> [SUPPLIED MATERIAL]
● ● ●
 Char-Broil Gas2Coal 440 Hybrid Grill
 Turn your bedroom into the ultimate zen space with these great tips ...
● ● ●
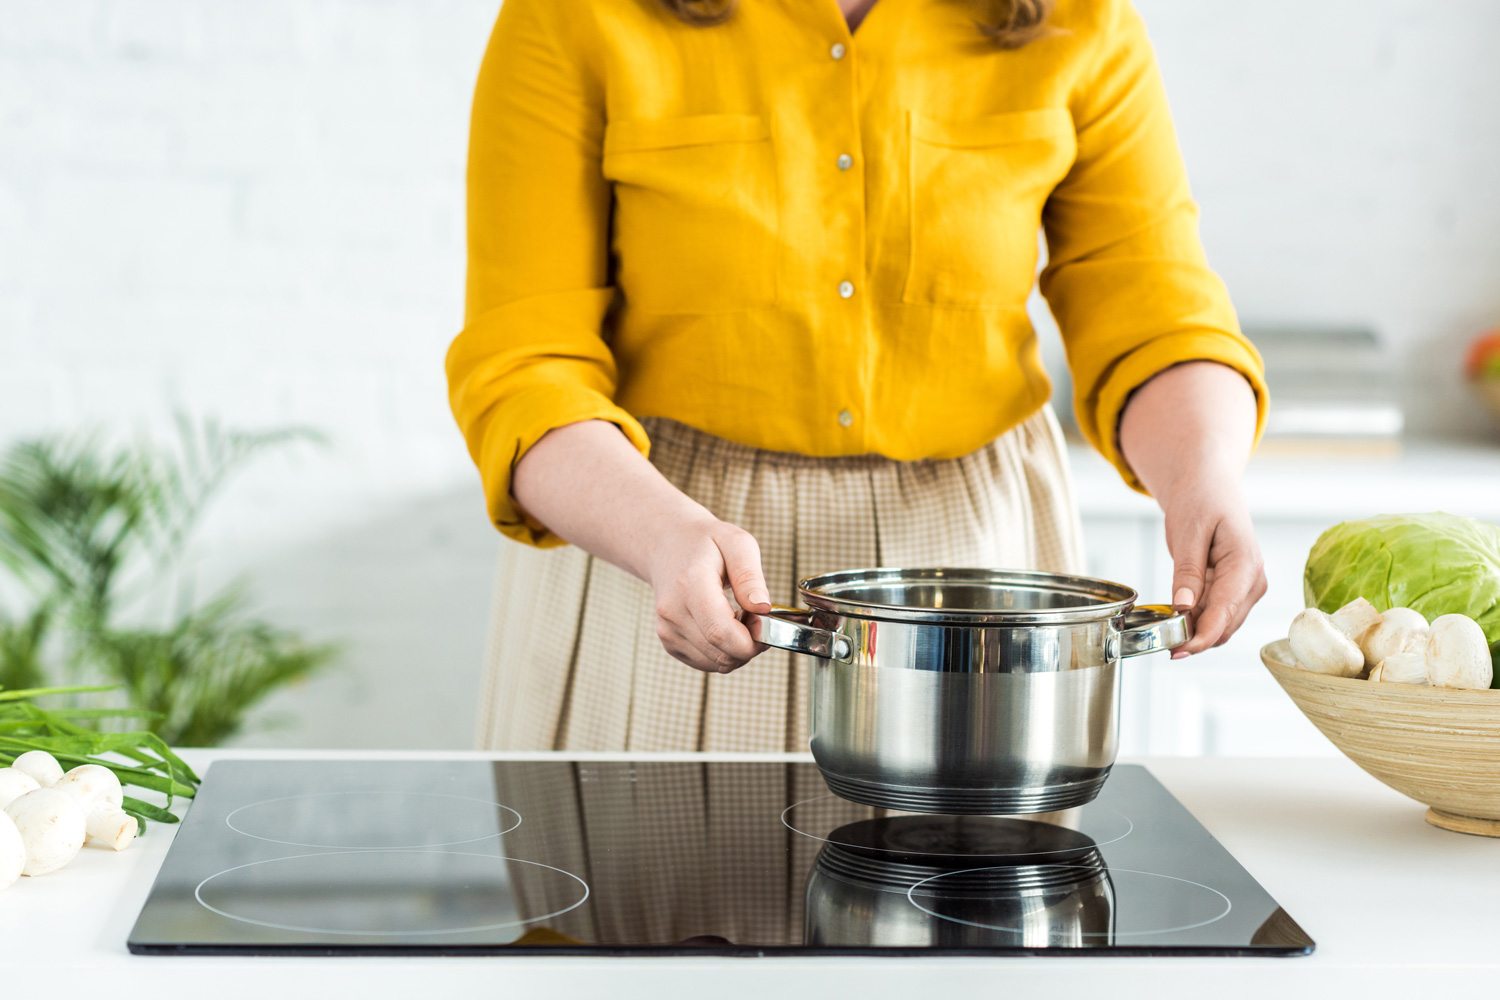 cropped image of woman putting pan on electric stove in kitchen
● ● ●
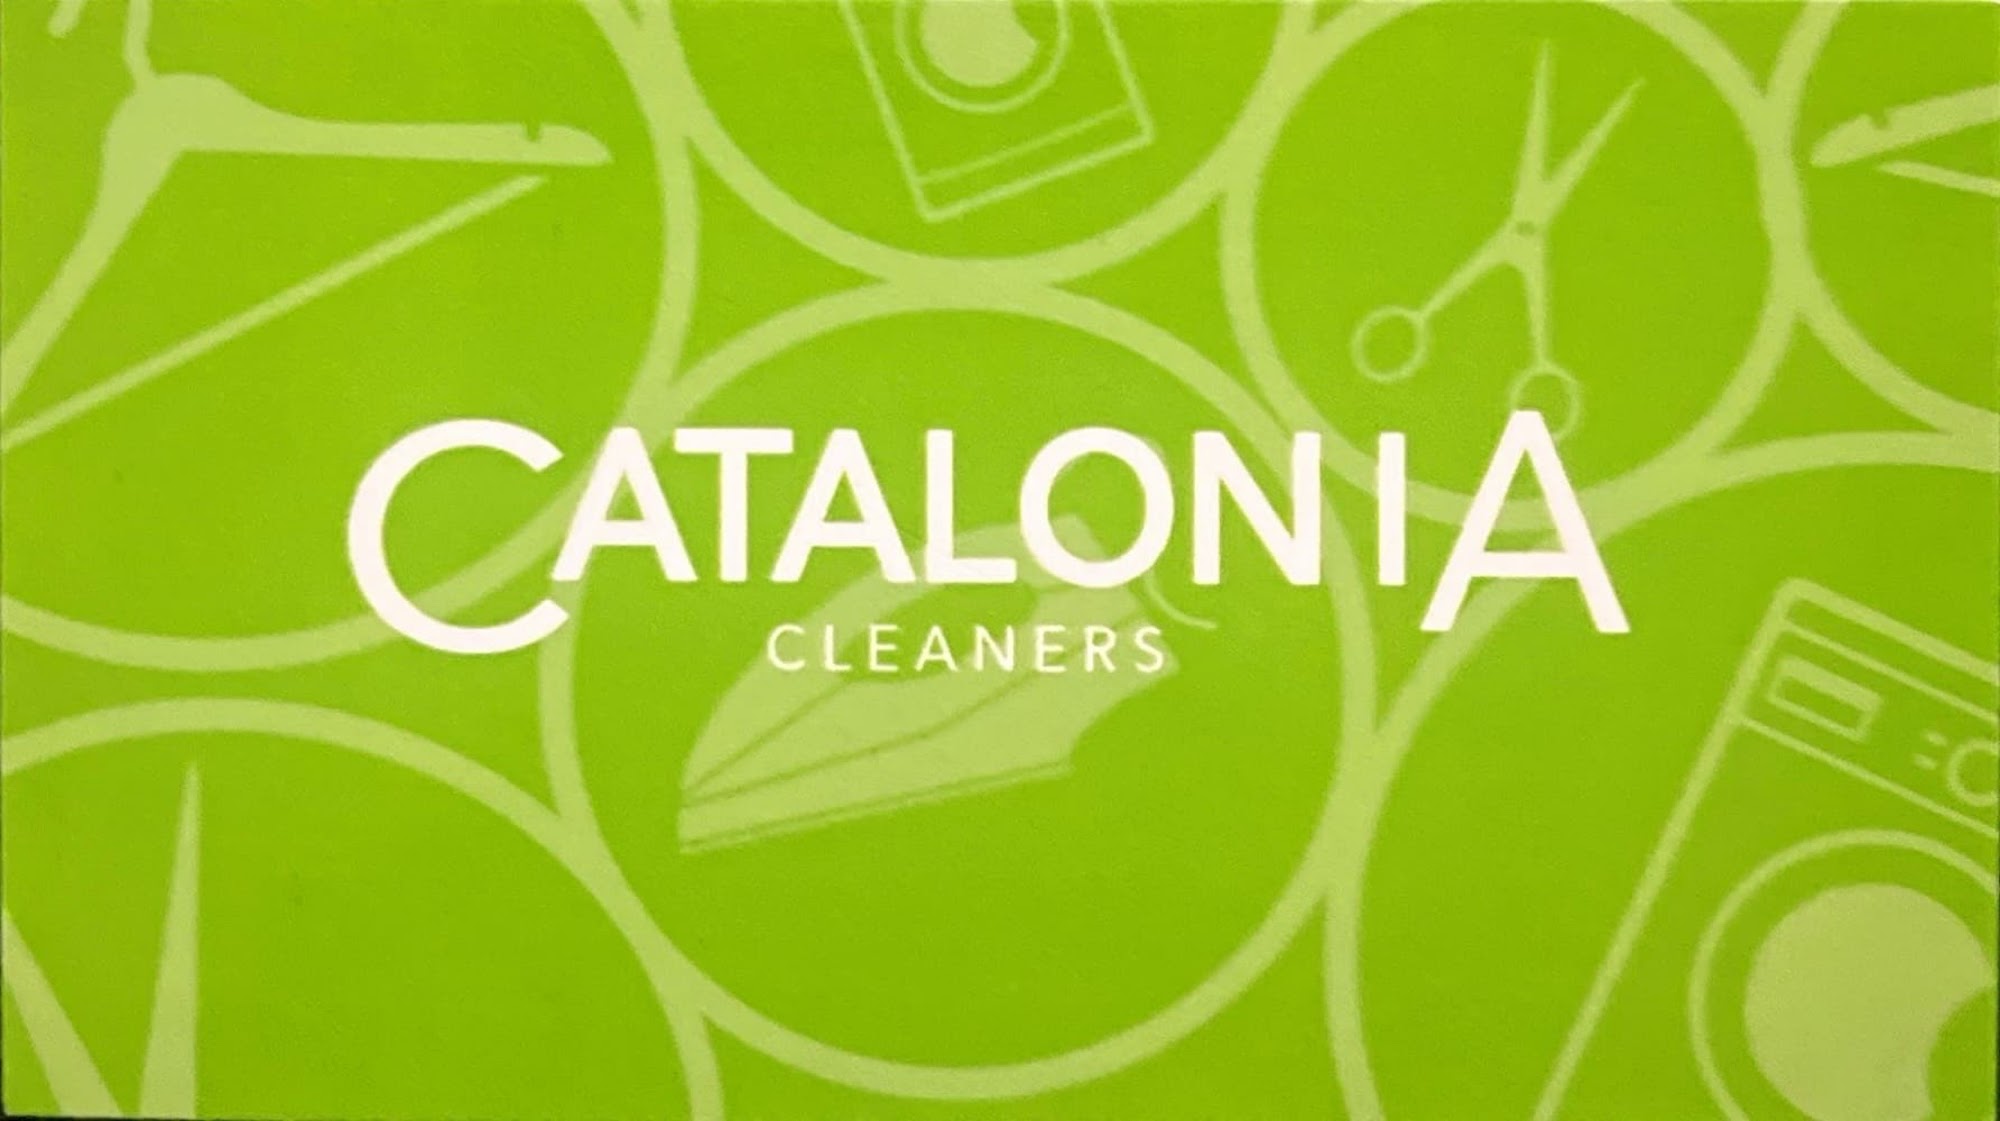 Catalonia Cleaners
● ● ●
Both end lines included, restate word for word the lines above from the line with "Char-Broil Gas2Coal 440 Hybrid Grill" to the line with "Turn your bedroom", and nothing else.

> [FINISHED TASK]
 Char-Broil Gas2Coal 440 Hybrid Grill
 Turn your bedroom into the ultimate zen space with these great tips ...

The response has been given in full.